Перепуганный обозник задергал вожжами, зачмокал: «Чоп! Чоп!», но пока все это дошло до верблюда, пока тот раскачивал свои долгие ходули и потом неспешно воротил телегу на сторону, и вовсе перегородив ею въезд на переправу,– где-то совсем рядом уже хлопнули автомобильные дверцы. Сквозь ряды солдат замерших по стойке «смирно», к предместью направлялась группа генералов и штабных офицеров. Среди них, возвышаясь над остальными чуть ли не на голову шел ладный, молодцеватый генерал с крутым разлетом бровей под алым околышем фуражки. Это был Рокоссовский {55}.

Начальник переправы, выбрасывая носки пыльных брезентовых сапог, хватил строевым и, шлепнув задниками в пяти метрах перед командующим, запел хриплым речитативом:

– Товарищ командующий! Вверенные вам войска ведут переправу через…

– В чем дело, капитан? – остановил его Рокоссовский.– Что за базар на переправе?

Начальник переправы, вытянув руки по швам, мельком обернулся, пытаясь удостовериться, стоит ли этот распрю клятый верблюд. Но командующий уже заметил злополучного зверя и, обходя капитана, вместе с остальными генералами и офицерами направился к повозке, возле которой, спрыгнув на землю, стоял ни жив ни мертв вконец перепуганный возница.

– Верблюд, товарищ командующий,– семеня сбоку, пытался пояснить ситуацию начальник переправы.– Я ему: нельзя, а он не понимает…

Командующий, подойдя к повозке, со вниманием оглядел верблюда. На его живом лице обозначились мальчишеское любопытство и удивление.

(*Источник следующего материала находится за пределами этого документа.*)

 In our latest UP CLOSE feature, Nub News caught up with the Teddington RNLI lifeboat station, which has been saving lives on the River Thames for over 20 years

– Каков, а? – обернулся он к генералам.– Философ! Ну и почему вы его не пропускаете, капитан?

– Прямое политическое недомыслие, товарищ командующий! Мы теперь не у себя дома, чтобы ездить на чем попало. Его здесь и сфотографировать могут, и вообще… А потом пойдет по газетам, поднимут шумиху: русские, мол, выдохлись, на верблюдах воюют…

– Да-а, политическое недомыслие.– Рокоссовский вскинул бровь.– Какой части солдат?

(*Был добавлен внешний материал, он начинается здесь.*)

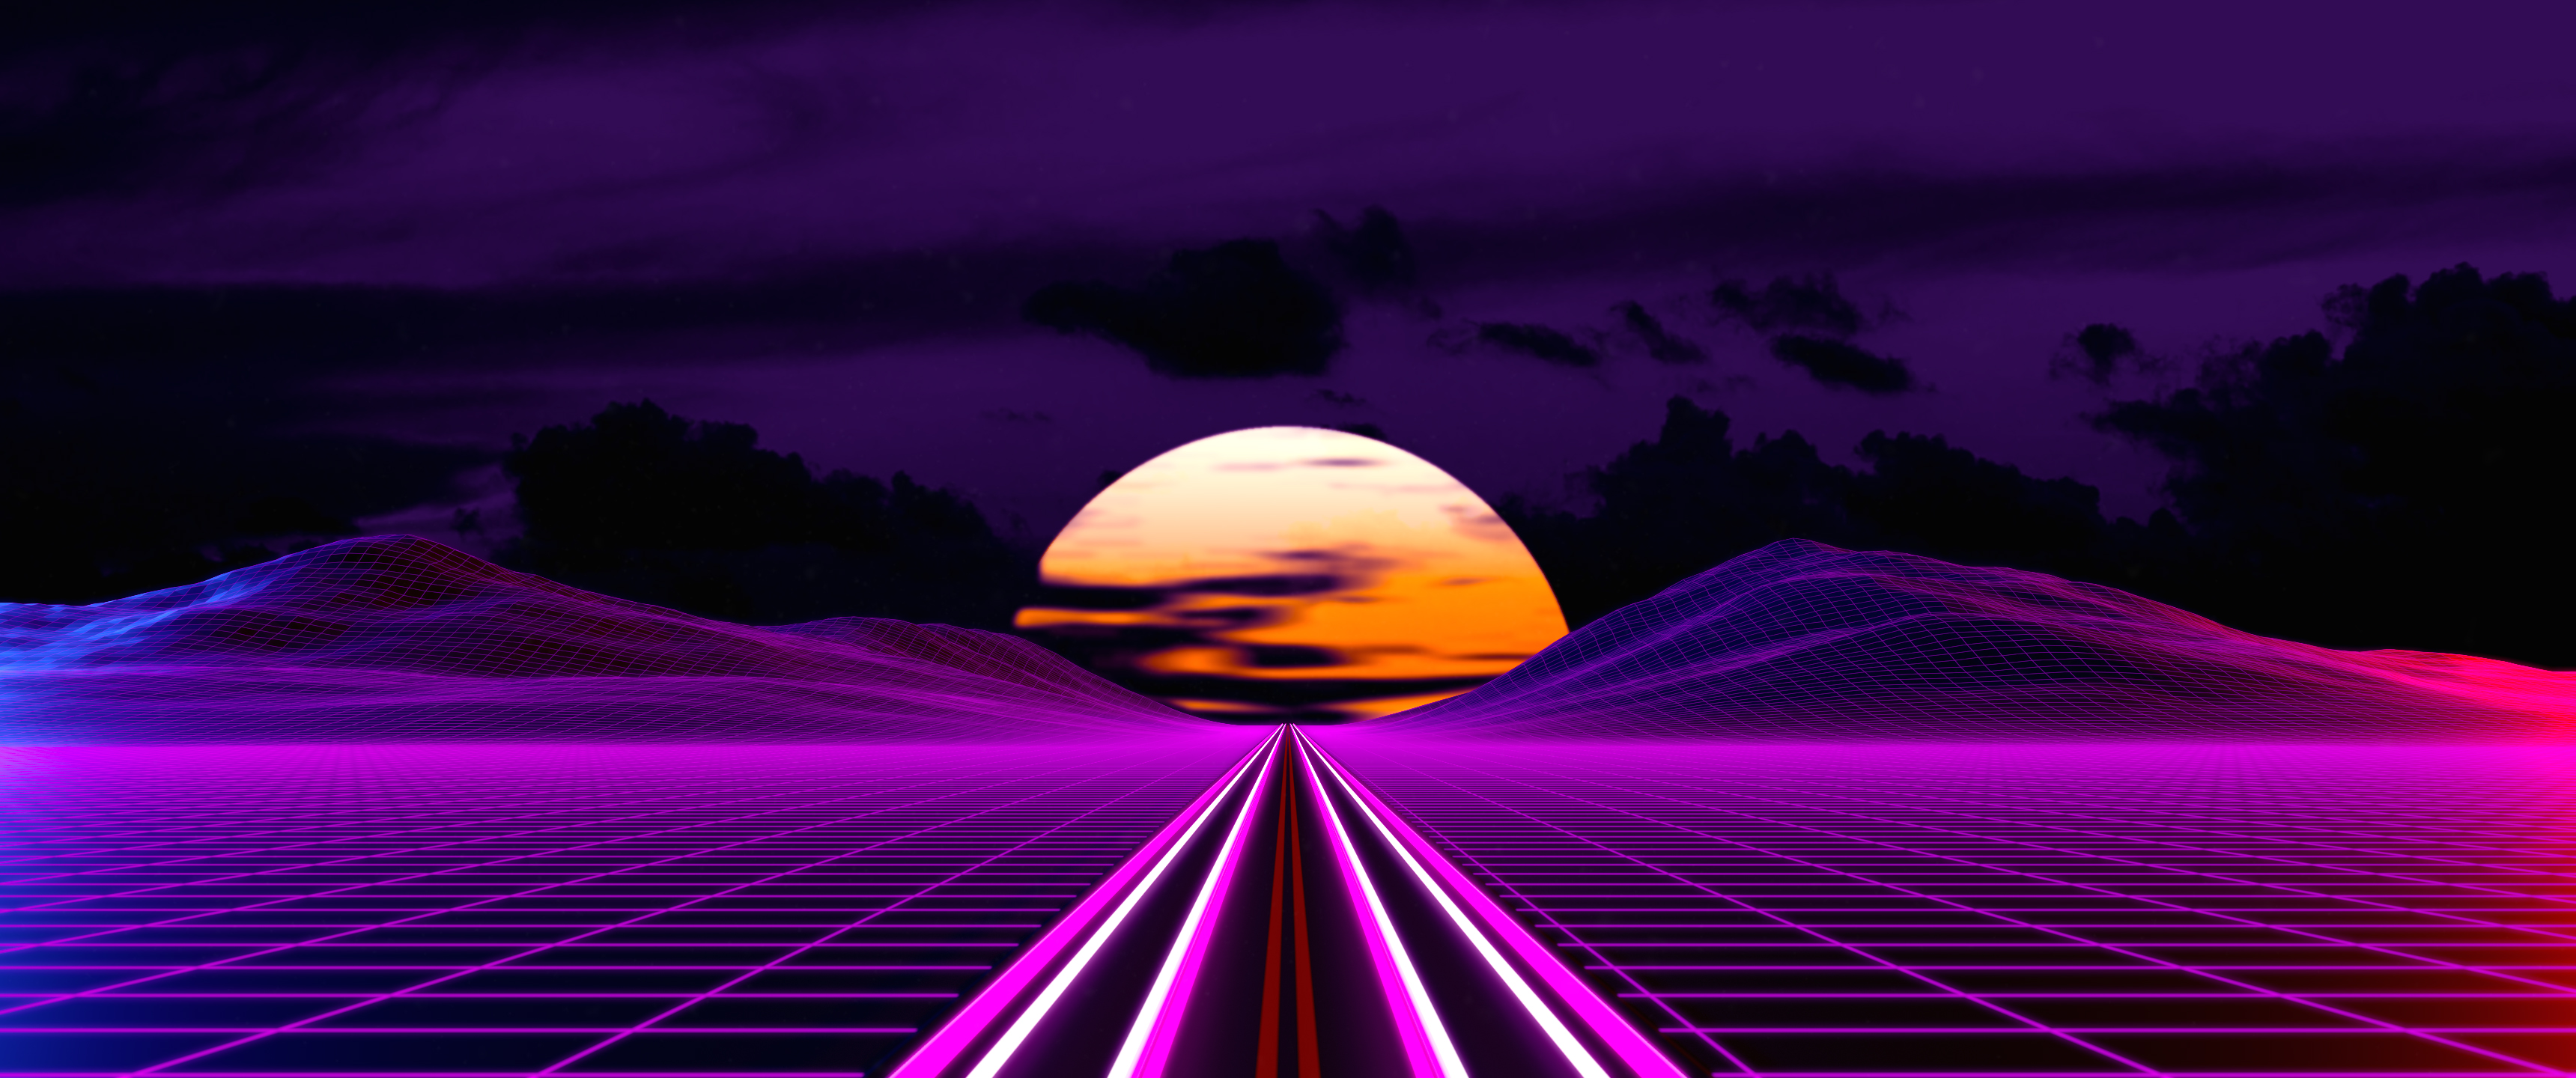 Retro Outrun Road 4k, HD Artist, 4k Wallpapers, Images, Backgrounds

– Ездовой Товарняков, второй роты, второго батальона триста восьмого полка…

– Какая армия?

– Шестьдесят пятая, товарищ командующий.

– Сталинградец, значит?

– Так точно, товарищ генерал армии!

– Выходит, вместе воевали. Ну а верблюд у тебя откуда?

– Тоже оттуда, из тех мест.

– Что же ты на лошадей не поменяешь?

– Да где же их было взять? – развел руками ездовой.– Моих под Сталинградом побило, я и запряг вот его. А теперь и менять жалко, привык. Еду – доеду. Вон уж сколько проехано вместе. Хотели его на мясо забить – исправный, не хромает.

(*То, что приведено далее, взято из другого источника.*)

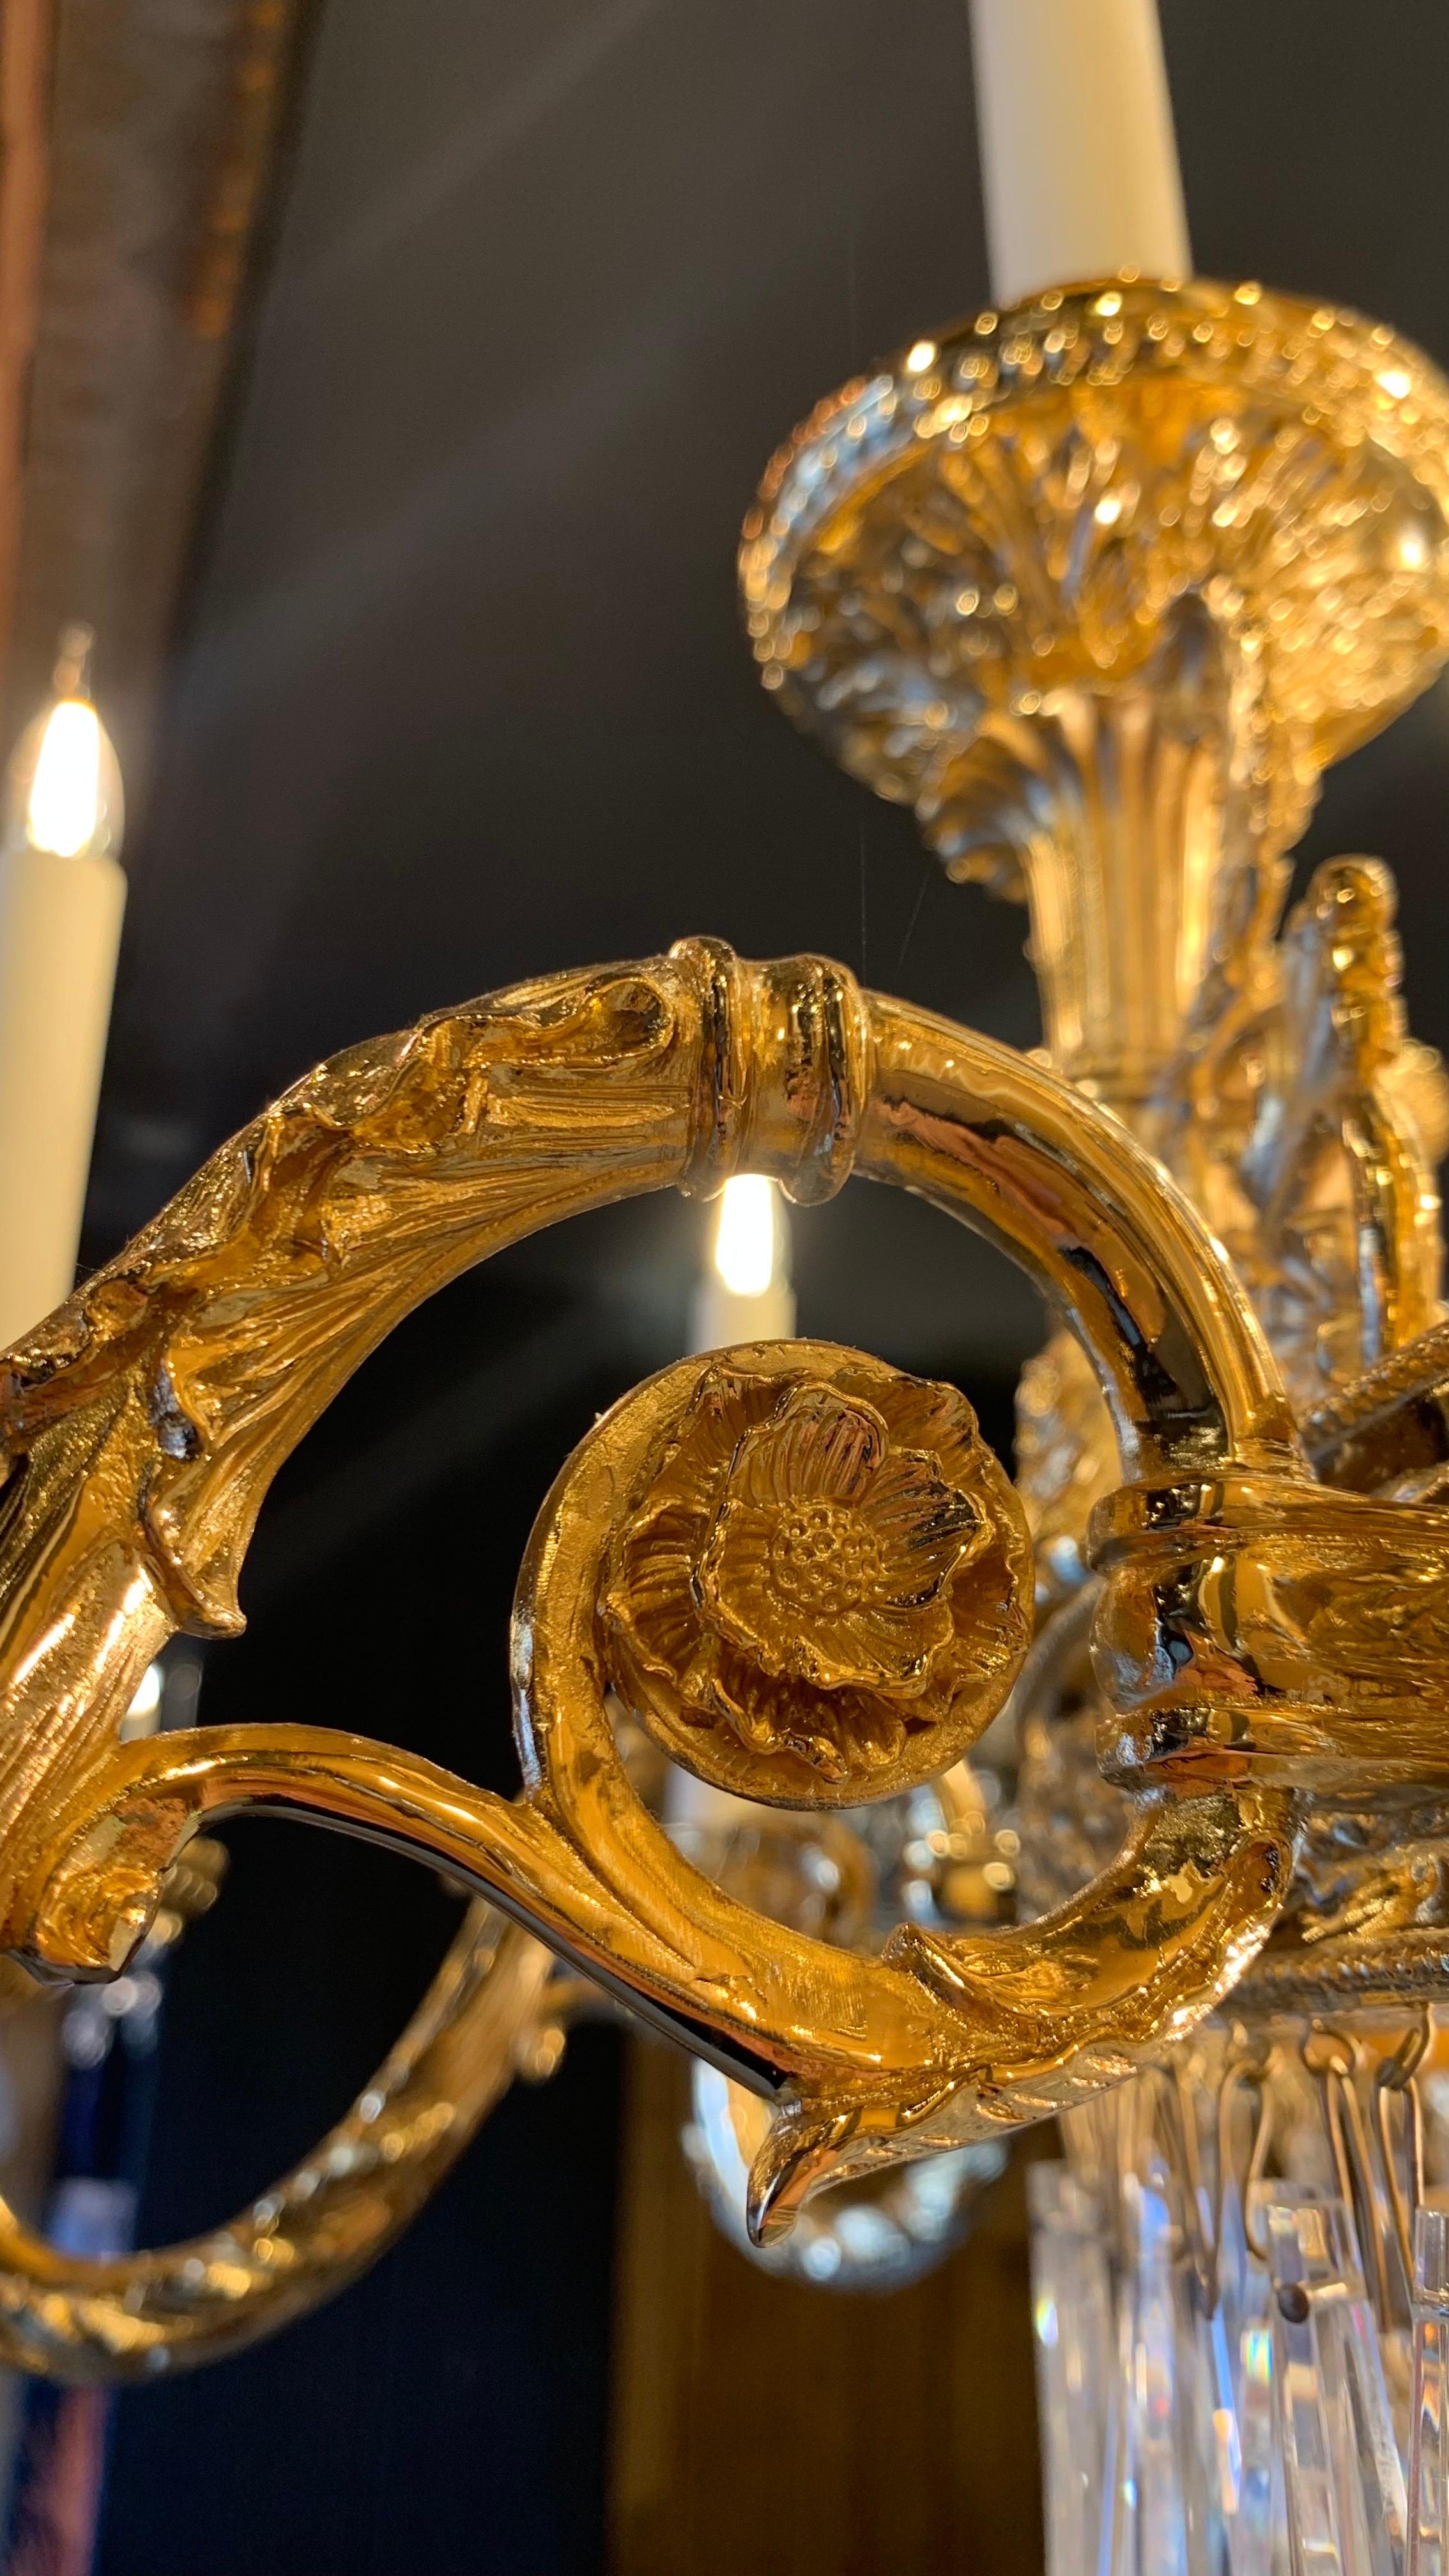 Napoleon III 19th Century Basket Chandelier with 36 Lights in 24K Gold Bronze and Crystal For Sale

Командующий усмехнулся, снова с интересом посмотрел на верблюда.

– Но не по уставу ведь, а? Вот и начальник переправы не пускает…

– Дак, товарищ командующий! Верблюд, ежели разобраться, он получше лошадей будет. Он у меня вроде долгоиграющий.

– Какой, какой?

– Недельного заводу,– оживился солдат.– Лошадь кажинный день есть-пить просит. А этот и день идет, и неделю – ничего не требует. Вот как под Волковыском {56} охапку веников съел, так и по сей день. А уже которые сутки в походе. Очень экономная скотина.

– М-да… Ну вот что, капитан.– Командующий похлопал верблюда по мягкой шее.– Нечего нам перед Европой стыдиться. Кроме этого верблюда вон у нас еще какая техника – мостов не хватает. Кстати, сегодня же начинайте наводить новую переправу. Тут же рядом, чтобы в два потока.

– Есть! – вытянулся капитан.

– А верблюда пропустите, пропустите. Пусть в Европе смотрят и на него. И кое-кто лишний раз вспомнит, что мы пришли от самых стен Сталинграда {57}.

Обрадованный ездовой, забежав вперед, схватил верблюда за повод.

– Постой,– удержал его Рокоссовский.– Что же ты – сталинградец, а наград не вижу? С пустой грудью вступаешь в Европу. Иль воевал плохо?

– Так ведь…– Ездовой дернул погонами.– В обозе я… Какие награды?

Рокоссовский обернулся к адъютанту:

– Запишите-ка бойца. Сообщите в полк, пусть представят.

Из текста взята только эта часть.